I don't know how the rest of you do your airbrushing,maybe some of you put down what you want to
airbrush on that item you're going to do,for me I tried that I couldn't do very well that way so today I
tried just airbrushing what I wanted on to paper not picture perfect but was a lot easier for me with more
practice I belive I'll do it
it is ALL about practice, practice, practice! When I first started to airbrush, I did so by painting on t-shirts - a tip I have picked up reading a magazine. Now, I had no real interest in painting T-shirts (not that there is anything wrong with it) but, the theory was that painting on fabric offers some advantages for a beginner. The paint tends to hit and stay where you put it, without spidering, or smearing around. It is much more forgiving than painting on a hard surface, and allows you to develop some technique(s) and confidence - because results tend to be more instant. In the beginning I just looked at the shirt mounted on a piece of cardboard as nothing more than a surface to practice on, but quickly started to like what I was seeing, and started to want the shirts I was painting :) Many brands of paint offer an additive that makes the paint washable on fabric if they start getting to be something you may want to keep...
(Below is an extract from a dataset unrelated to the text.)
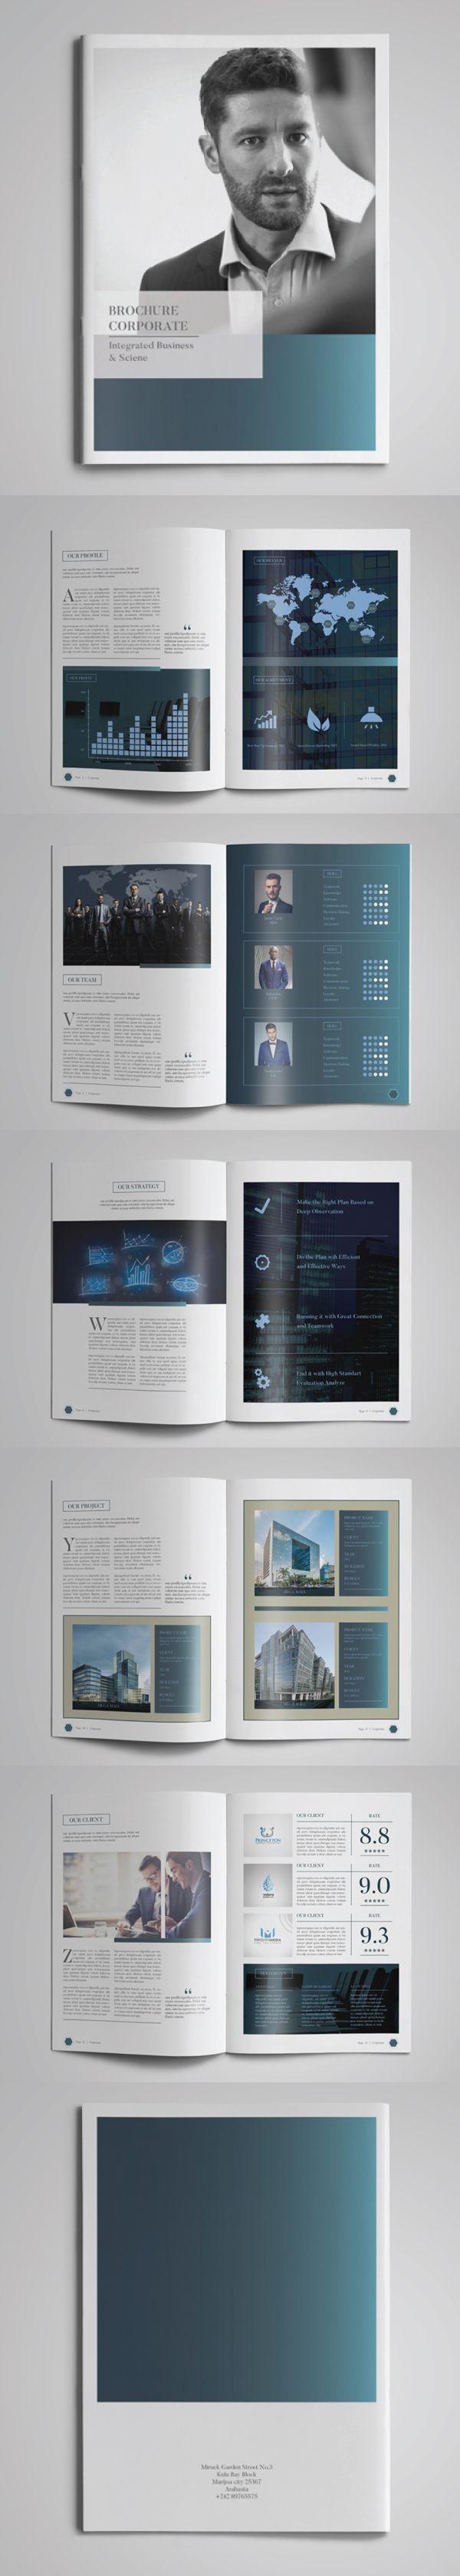 Multipurpose Brochure Corporate Template

I know it helped me a lot to start this way...
I was the complete opposite of Dave, as I wanted to paint my bike, and so practiced on an old tank, figuring if I could work on a hard surface I could work on anything. Took me a long time to learn (and still learning lol) so maybe Dave's way is better - though I am a slow learner anyway. But practice is key! Do it til you don't have to think about it.

Even now I find I am putting a bit of pressure on myself at times, and always have a piece of paper next to what Im doing to doodle on and get relaxed again. Whatever you need to do is good. As long as there is paint going through the brush you are moving forward
I have posted some nice looking pieces but I'm still learning basic control, I have years to go before I get the super smooth lines of a decent artist like Craig Fraser! But I practice nearly everyday to help that dream come to fruition :) I solely practice on paper.
I started out doing ink on paper and thought it was really good. Now I would look at it and think Holy Crap that sucks. I was new and there was no one around to ask. I started buying airbrush digest magazine and saw an artist named Mark Rush and I was captivated at the beautiful beach scenes he did. So I called his shop in Florida and asked what he used and then ordered paints, got a better airbrush and some t-shirts. After two years of painting shirts I sent some pictures of my airbrush work to Mark and he hired me to paint in Ft Walton. Talk about crash course. I had to learn quick or starve. The wife got homesick and wanted to come back to New York and I have airbrushing here ever since. I read I look and try to find videos to help if I can. I have painted on everything and anything.